I would affirm the judgment for the defendant.

. Miss Weiss, a New York resident, brought this action in New York federal court against these out-of-state defendants over two and a half years after the accident. I note in passing that there is little rationale for allowing this type of diversity action to be brought in federal court. See H. Friendly, Federal Jurisdiction: A General View 147-48 (1973).

. No attempt was made to repair the car. In fact, shortly after the accident Miss Weiss allowed the auto to be junked. Later, plaintiff permitted all of the steering linkages (including part of the Pitman arm stud) to be thrown out. While Chrysler was able to make a limited examination of the remaining portion, of the stud, that portion had been lost by plaintiff by the time of trial.

. The majority cannot say that Chrysler did not argue this third alternative. The closing arguments of counsel are not in the record. In any event Judge Griesa charged the jury that “Chrysler contends that the testimony of Professor Gordon, among other things, shows that even if there was a fatigue crack it is equally possible that the crack arose from this Elfers accident in August.”

This instruction was given in response to Chrysler’s Request to Charge Number 6 which asked that the jury be told: “If you, the jury, find that it is just as reasonable that any defect in the vehicle was caused by the accident of August, 196[4] . . you must find for Chrysler.” While Chrysler may not have wanted the jury told that it contended that the stud was cracked prior to this accident, there is no question that it wanted the jury to be told that if the jury found that there was a prior crack, its verdict should still be for Chrysler if it also found that the fracture was not completed until the car left the road.

Moreover, this theory was before a state court in a related action. In rejecting the claim made here, the state judge stated:

I think the evidence was quite clear from both Gordon and O’Connell that in this bolt or pin there was a fracture which in their opinion had come before the impact up against the tree.

[Mr. O’Connell (an expert that Miss Weiss indicated she would call at the federal trial, but whom she did not call)] said that the crack, the initial crack could have come from any one of three different sources.

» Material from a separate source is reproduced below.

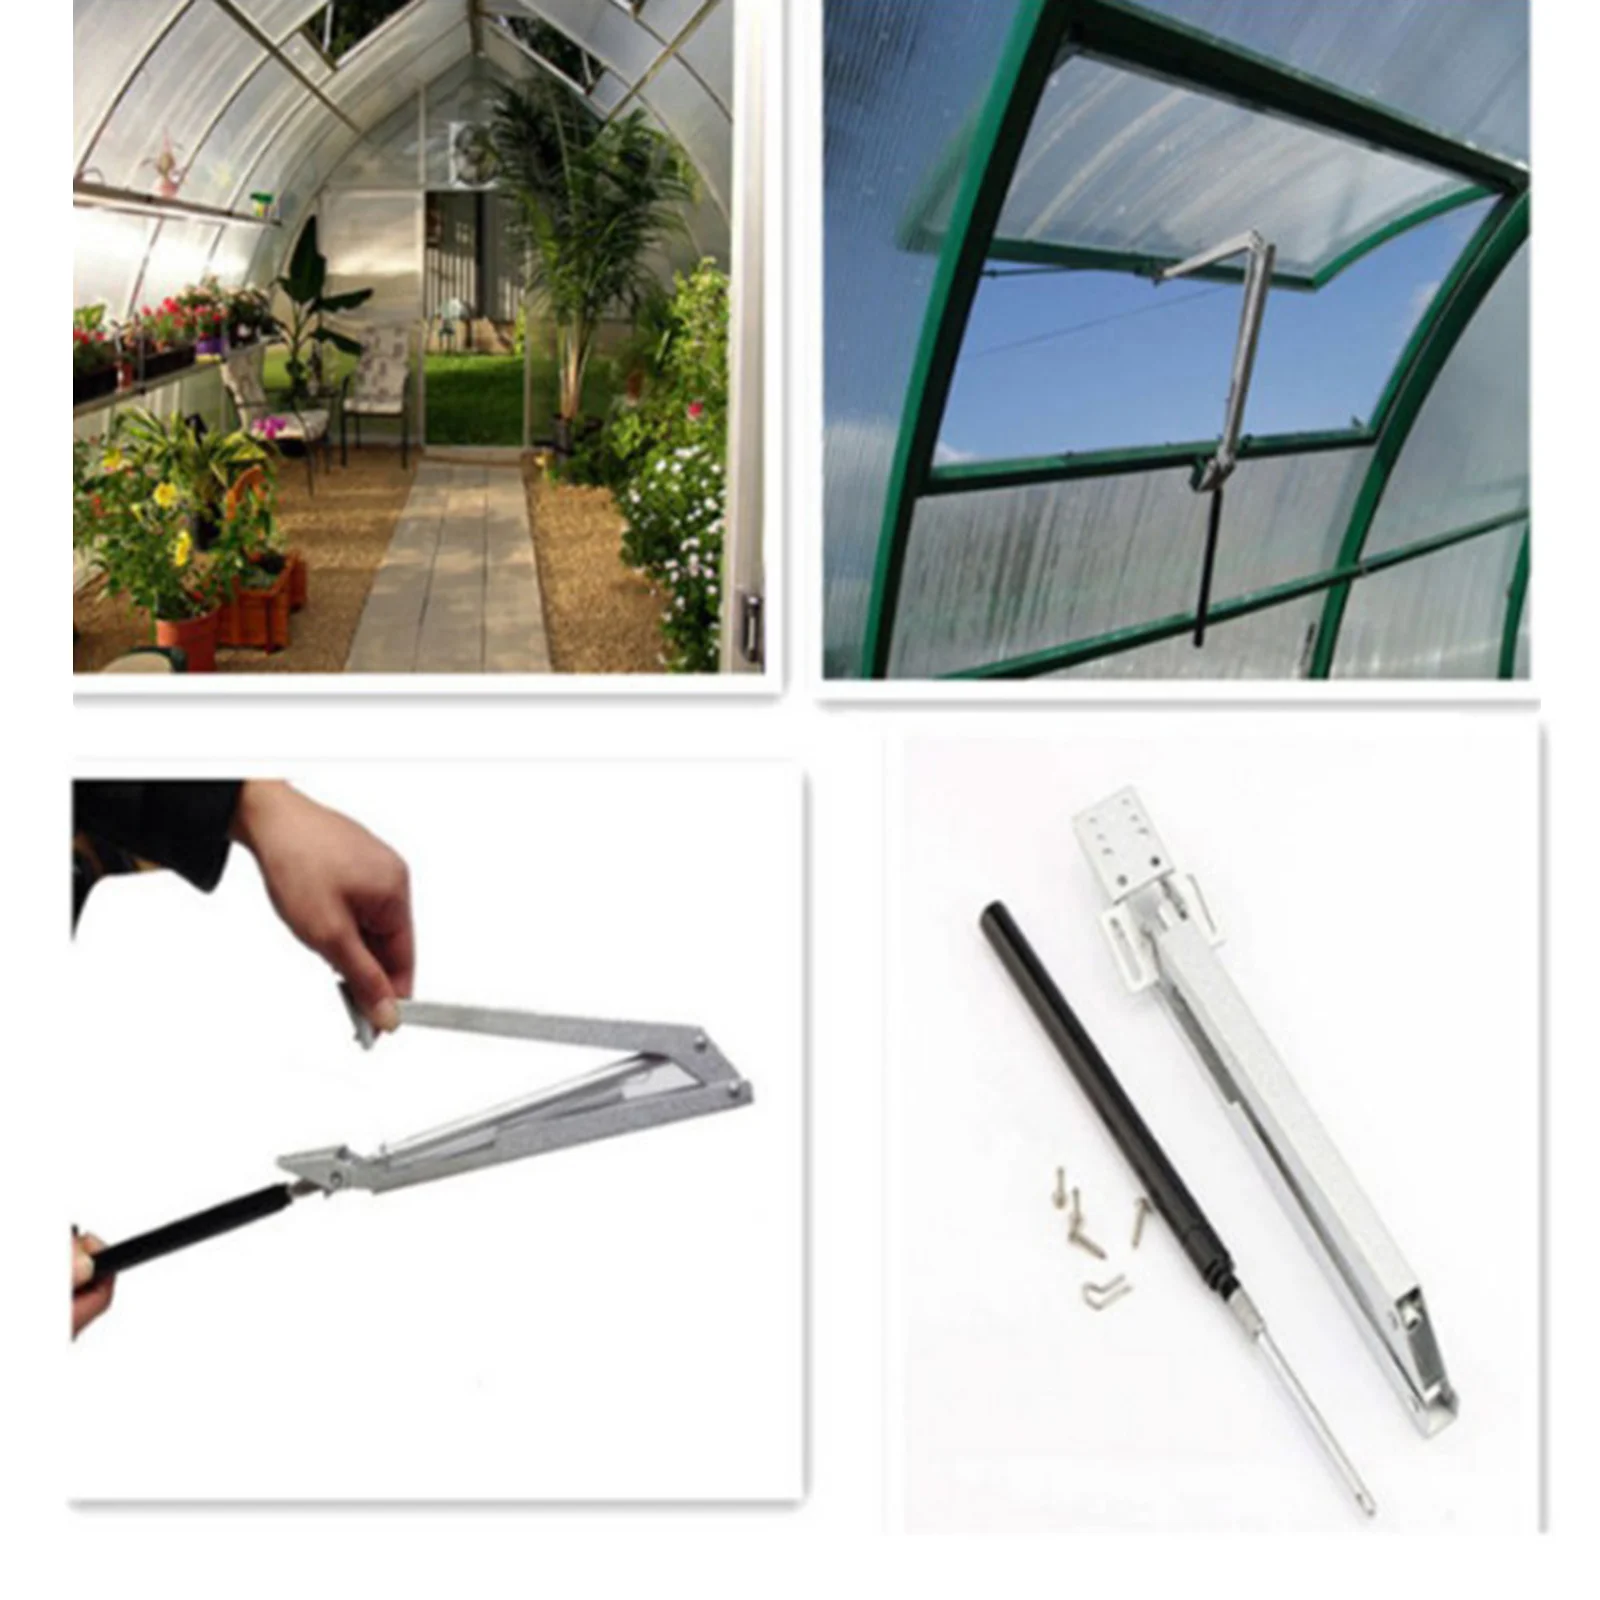 Automatic Greenhouse Window Opener Auto Ventilation Sensor Gardening Tools

*461It could have come from the impact transmitted by rough terrain; (2) it could have come from a prior accident, as well as being a permanent crack occasioned by the [manufacturing process]. .

. [A]s a finder- of the facts I am not going to sit here and speculate which of the three possible causes of the original crack was responsible for the beginning of the complete severance of the bolt.

This decision of the state court was delivered from the bench before Chrysler put any witnesses on the stand.

. The humps exist because route 123 was built with a crown, i. e., the center portion of the road is higher than the sides. The driveways in this section of the road join the road at the level of the crown, thus causing a hump in the pavement on the sides of the road.

. I think it is significant that in a month-long trial, plaintiff found so little on which to appeal. Thoughout the trial, Judge Griesa treated plaintiff very fairly, almost to the point of being over-generous in his rulings.

. A cadologist studies cadology, which is a word invented by Mr. Moseley to describe his profession — the study of accident causes.

. Miss Weiss was a defendant in a state-court suit by the passengers of the auto. The claim raised here was involved in a second state-court action by her brother’s estate against Chrysler, among others. The actions were tried together and the claim against Chrysler was dismissed. Since Miss Weiss was not a party to the specific suit involving the claim against Chrysler, she is not bound by the state-court decision even though her case against Chrysler is virtually identical to that of her brother’s estate.

. It is worth noting that Dr. Rader was allowed to testify as a rebuttal witness on many other matters. Indeed, his testimony filled almost an entire day.